Elsandi menyampaikan hal itu guna mengantisipasi jangan sampai anjing peliharaan masyarakat di daerah itu menjadi korban kegiatan eliminasi anjing liar yang akan dimusnahkan karena berkeliaran dan menganggu masyarakat di daerah itu.

Ia menyebutkan, sebanyak 2.000 ekor anjing liar di daerah ini pada 2012 akan dimusnahkan agar populasi hewan pembawa penyakit rabies itu semakin berkurang.

"Kegiatan eliminasi atau pemusnahan terhadap 2.000 ekor anjing liar itu mulai bertahap pada triwulan pertama dan berakhir pada triwulan keempat," ujarnya.

Ribuan ekor anjing liar yang akan dieliminasi oleh tim gabungan yang terdiri dari petugas peternakan instansi itu, desa, kecamatan, kepolisian, dan TNI berjalan selama satu tahun merata di 15 kecamatan dan 148 desa dan tiga kelurahan yang tersebar di daerah ini.
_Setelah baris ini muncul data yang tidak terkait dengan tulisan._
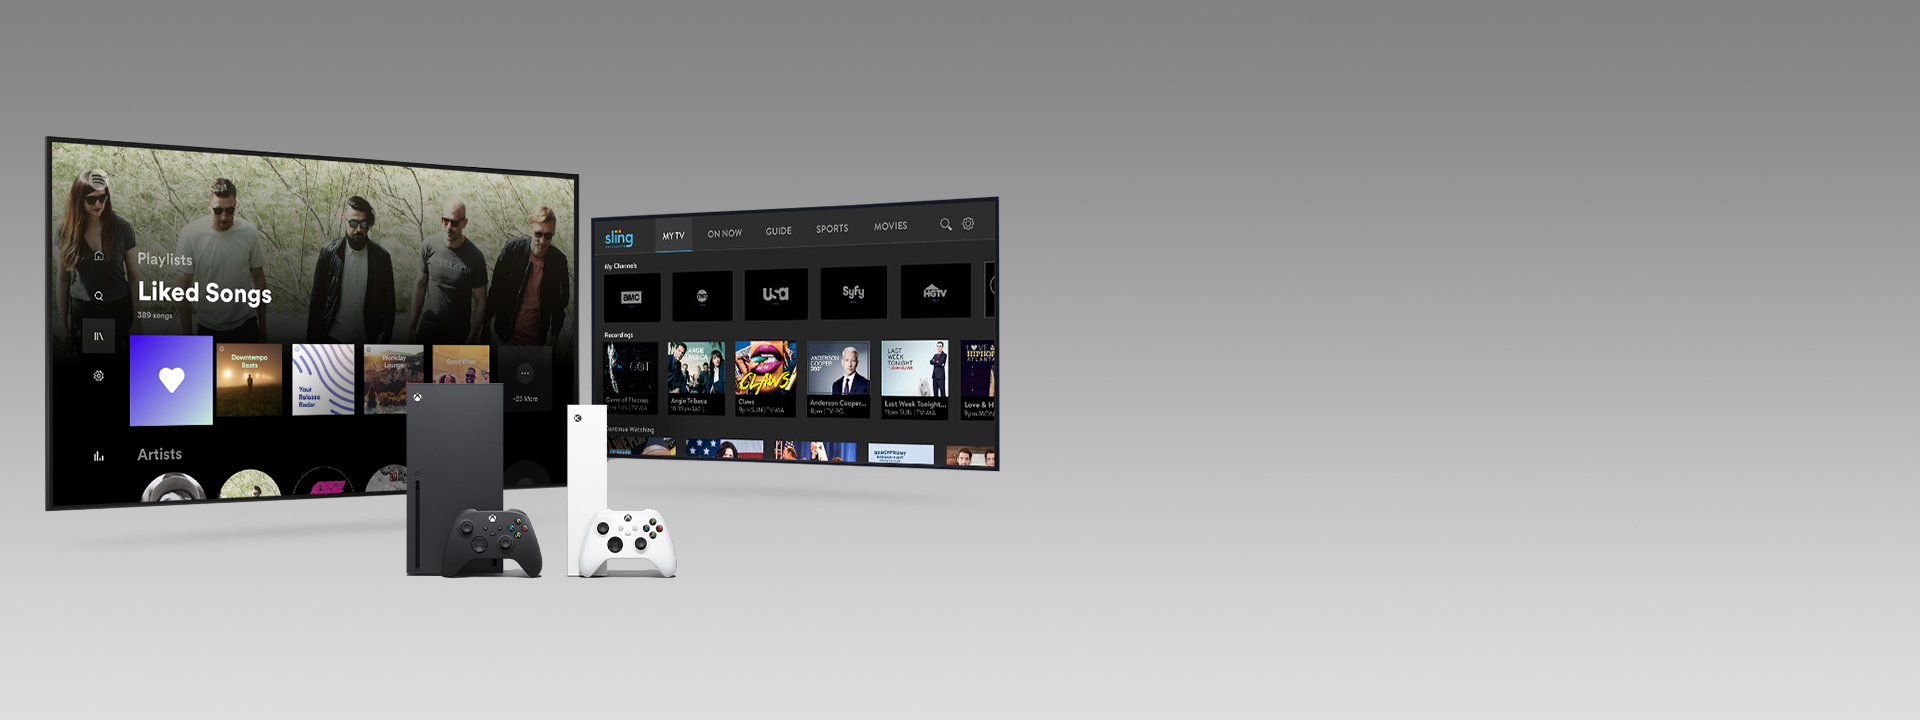 Konzole Xbox Series X a Series S s ovladači před dvěma televizními obrazovkami zahrnujícími uživatelská rozhraní aplikace.

Alokasi dana untuk kegiatan eliminasi yang bersumber dari anggaran pendapatan belanja daerah (APBD) ini sebesar Rp50 juta antara lain untuk pembelian dua kilogram racun stricnin.

"Satu kilogram racun tricnin seharga Rp8 juta dan sebanyak Rp16 juta dana yang dihabiskan untuk membeli racun, sisa dana untuk membiayai administrasi dan operasional tim gabungan," ujarnya.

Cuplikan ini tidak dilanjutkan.